Director Philippe Falardeau’s brilliant new film works on many levels. It is the story of an Algerian refugee claimant in Montreal, trained as a teacher, who secures a desperately-needed job when a teaching position in a primary school is left empty through tragic circumstances. It is a story about the desperate need to connect in times of grief. It is also a story about the modern education system, and how curricula in schools sometimes neglects children’s emotional education. Yet, it is also a story of refugee resilience, and of how people whose lives are shaped by tragic events manage to overcome them by the power of deep compassion.

Bachir Lazhar, the main character in the film, walks into a situation that many newcomers have experienced in their job searches – he happens to be at the right place at the right time. After reading in the newspaper about the tragedy, he goes to the Montreal primary school, with his résumé in hand, and offers to teach the class whose teacher has been lost. At first feeling like a fish out of water, he eventually forges a deep bond with his students and wins them over with his quiet and dignified demeanour, challenging them with unorthodox choices in reading material and educational approach. His notions of education often clash with established principles that sometimes seem separated from children’s real needs.
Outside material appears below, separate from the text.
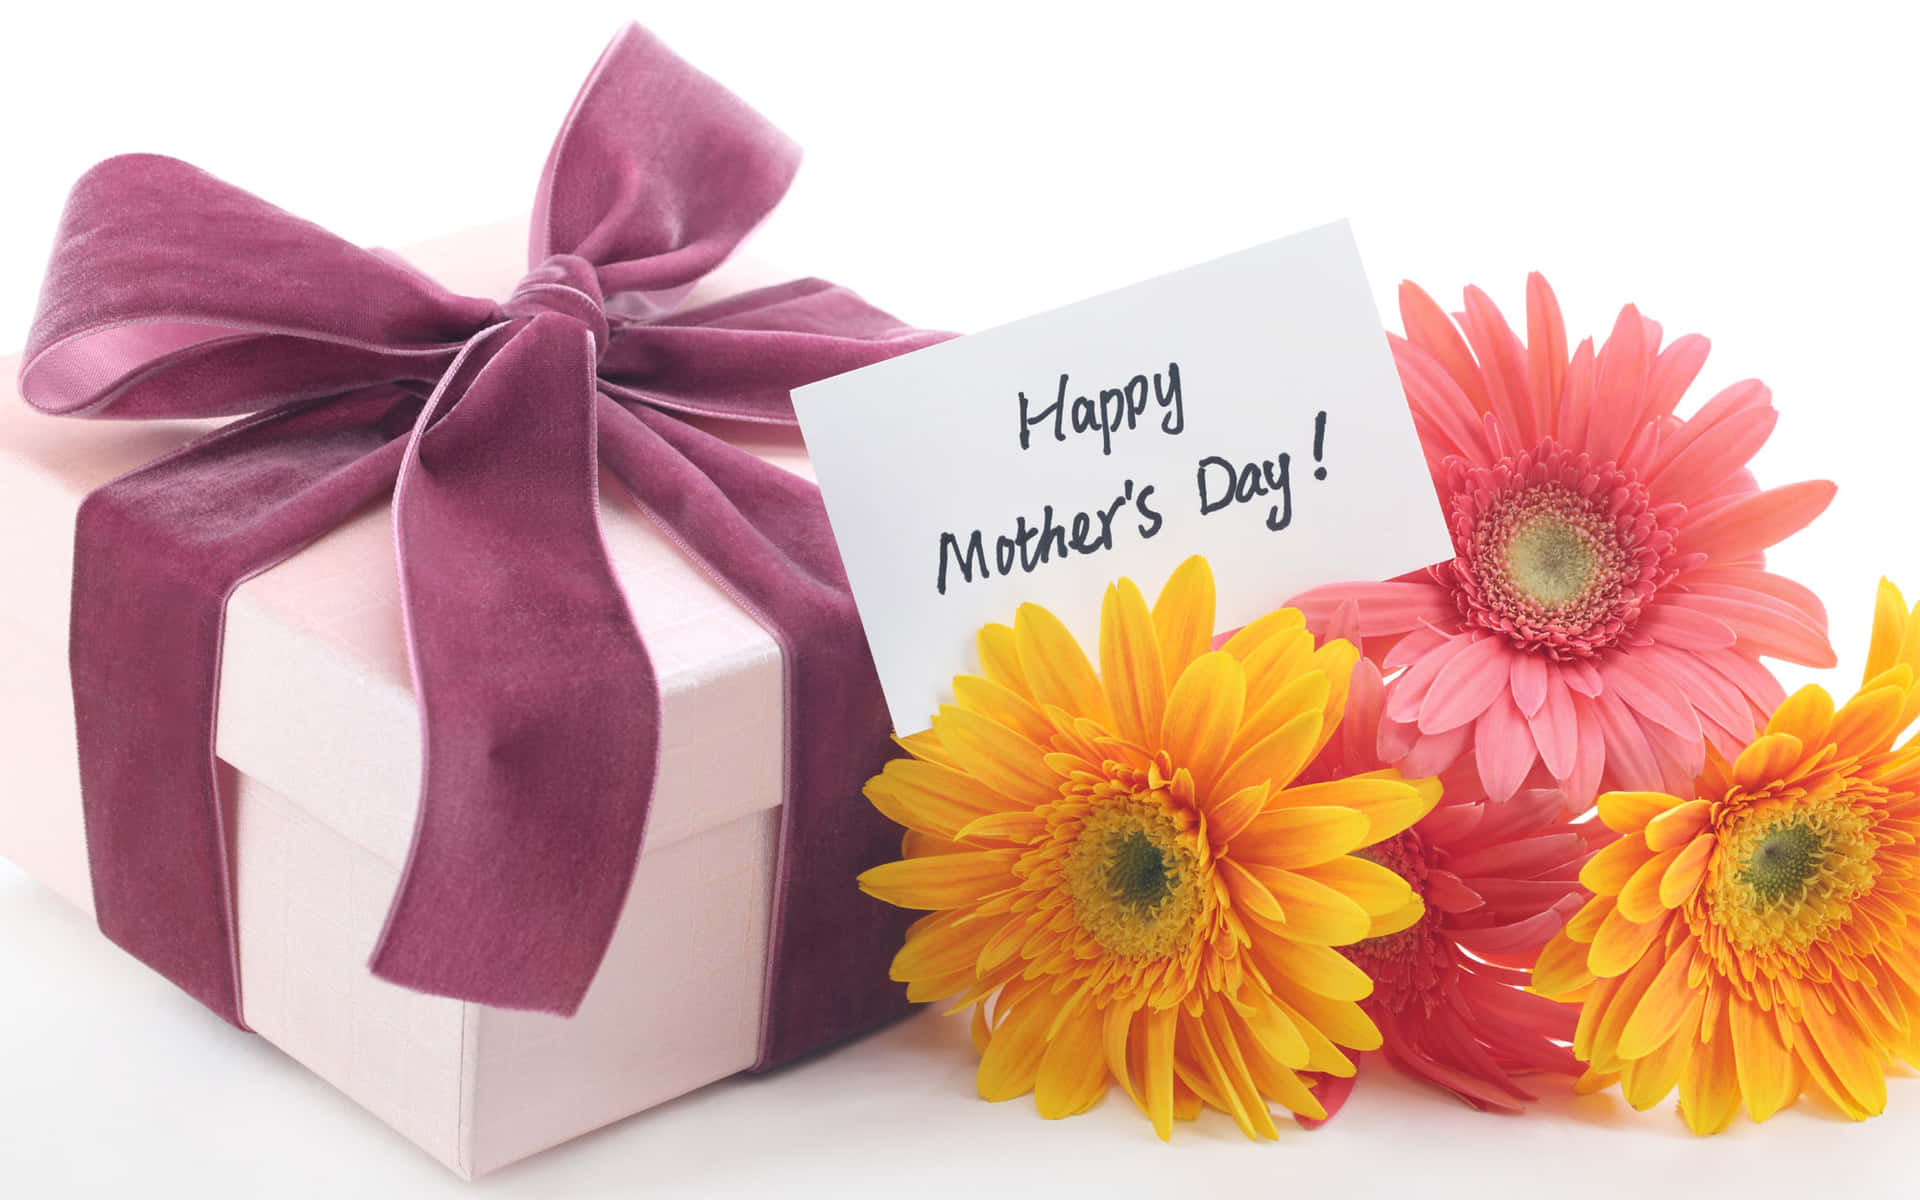 Happy Mothers Day Card Flowers Gift Box Hd

Monsieur Lazhar offers thoughtful reflection on several subjects. It is a study of how sudden and inexplicable loss can affect children and adults alike, and how children often seem better equipped than adults to deal with it, yet they are not allowed to express their feelings openly. The film also touches on differing cultural notions of what it means to educate children. As well, Monsieur Lazhar is a story whose elements many newcomers to Canada will recognize. Bachir Lazhar carries his tragic personal story buried within him, but it is precisely this experience that proves so valuable in his approach to students and the eventual bond that they establish with him. His students are a true multicultural microcosm, bringing their own personal stories and family dynamics that sometimes affect their behaviour and response to the tragedy that has befallen them.
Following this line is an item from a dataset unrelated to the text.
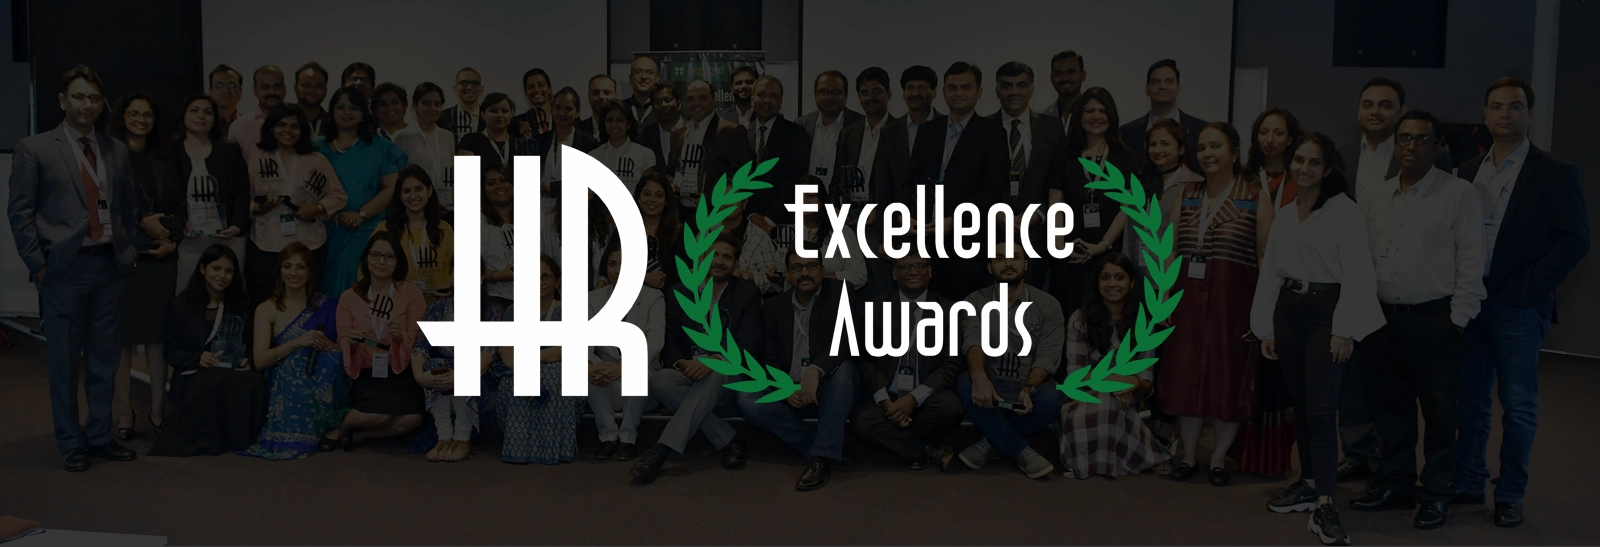 PeopleFirst HR Excellence Awards

Director and writer Philippe Falardeau weaves together all these themes in a careful and methodical way, and gets perfect performances from all his actors, especially Mohamed Fellag in his moving and dignified portrait of Lazhar, and Sophie Nélisse as one of his precocious students with whom he establishes a special connection.

Monsieur Lazhar contains moments of both sadness and joy that some will recognize from the time they first arrived in Canada. It is a film that shows how compassion, empathy and respect can show the way forward across cultural and community boundaries. In its intricate, yet profound way, it leaves us to ponder the infinite possibilities offered by simple human connection.

Monsieur Lazhar still plays in cinemas across Canada and is currently available on DVD.